Seltmann on keyboards, brass, design, guitar, and mixing, together with Chater and Di Blasi, were co-founders of electronic music group, the Avalanches, in 1997. Their debut album, Since I Left You, was released in November 2000. Seltmann and Chater, as Bobbydazzler, produced the album and their early singles. Seltmann broke both of his legs while on tour promoting that album, one in Brisbane and the other in the United Kingdom. At the ARIA Music Awards of 2001 the Avalanches won Breakthrough Artist – Album and Best Dance Release for Since I Left You, Breakthrough Artist - Single for "Frontier Psychiatrist", while Bobbydazzler won Producer of the Year for their work on the album.

Since I Left Yous lead single, "Electricity" (September 1999), had included backing vocals by Sydney-born vocalist, Sally Russell. Russell relocated to Melbourne and began performing as New Buffalo in 2000. She released her debut five-track extended play, About Last Night, in September of the following year. Seltmann produced the EP for his then-fiancée. In 2003 Seltmann married Russell and initially the couple lived in suburban Yarraville.

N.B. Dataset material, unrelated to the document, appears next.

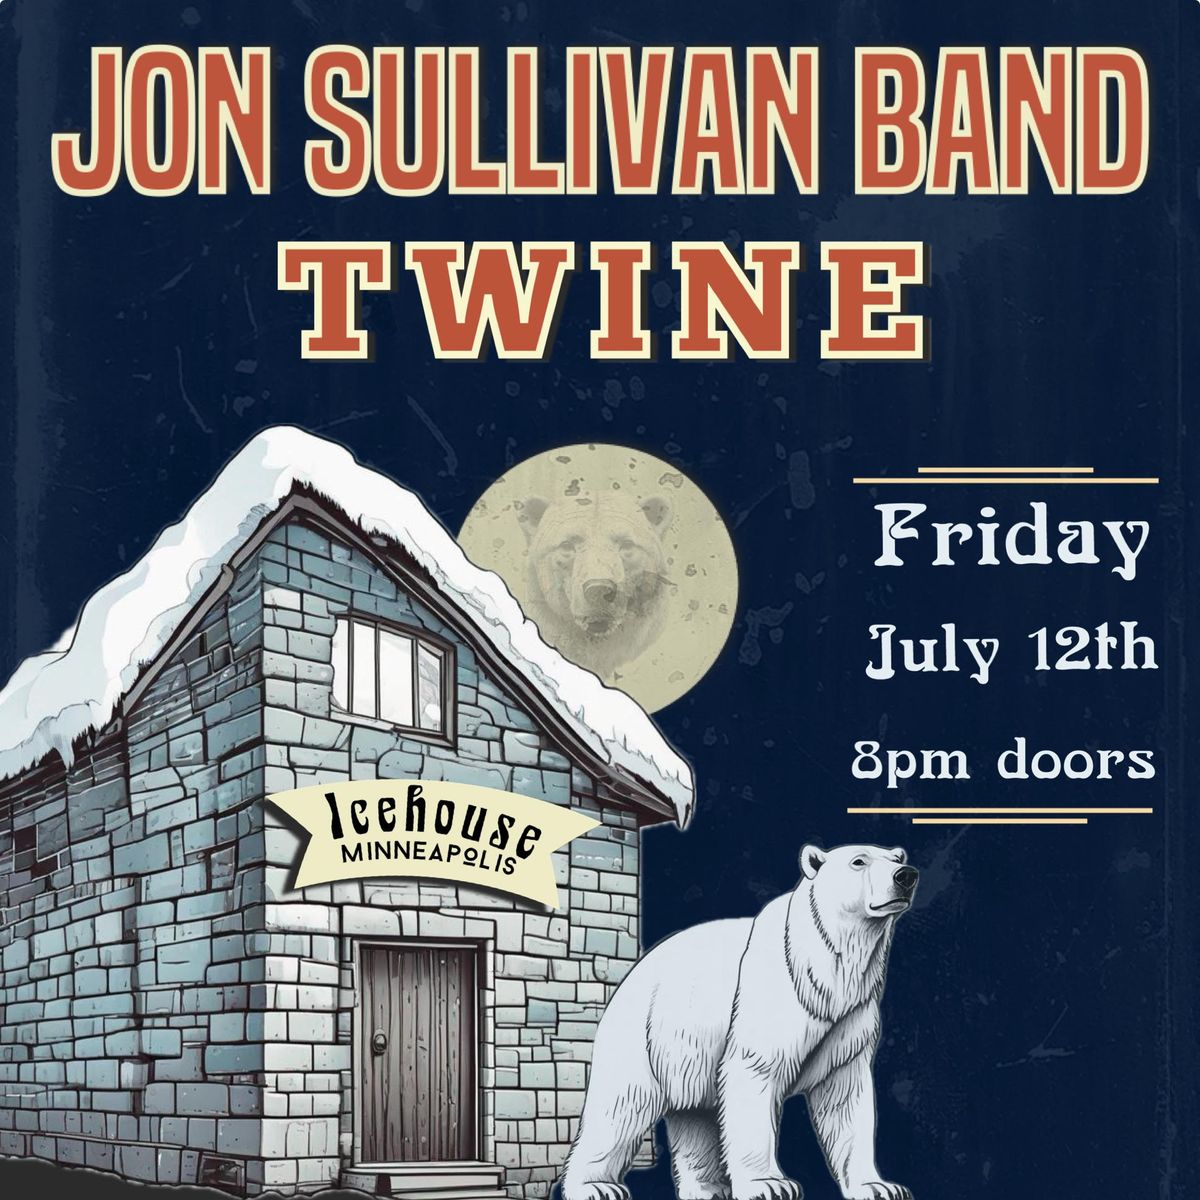 Jon Sullivan Band & TWINE @ ICEHOUSE

While working on the Avalanches proposed second album, Seltmann had left by 2006, according to Chater in July 2016, "It was... around 10 years ago that we stopped working together, or more. I was always making stuff and getting on with it, and the new record wasn't materialising quickly. He had a kid, a family, and I guess he realised before I did that it was going to take a long time." Seltmann provided drums and vocals for New Buffalo's second full length album, Somewhere, Anywhere (March 2007) and also co-wrote a track, "Stay with Us". From late 2009 Russell performed and released material under her married name.

From 2016 Seltmann and Russell provided the score for the comedy series The Letdown (2016–17, 2019). They co-wrote "Dancing in the Darkness" for the show. At the APRA Music Awards: Screen Music Awards of 2016 they won Best Original Song Composed for the Screen for the track. Darren and Sally Seltmann issued a soundtrack album, The Letdown (Music from Seasons 1+2), in March 2020. The release was nominated for Best Original Soundtrack or Musical Theatre Cast Album at the 2020 ARIA Music Awards.

== Personal life ==
He married Sally Russell, who performed as New Buffalo, in 2003. He left the Avalanches in 2006 after the birth of their first child.

==Awards and nominations==
===ARIA Awards===
The ARIA Music Awards are presented annually from 1987 by the Australian Recording Industry Association (ARIA).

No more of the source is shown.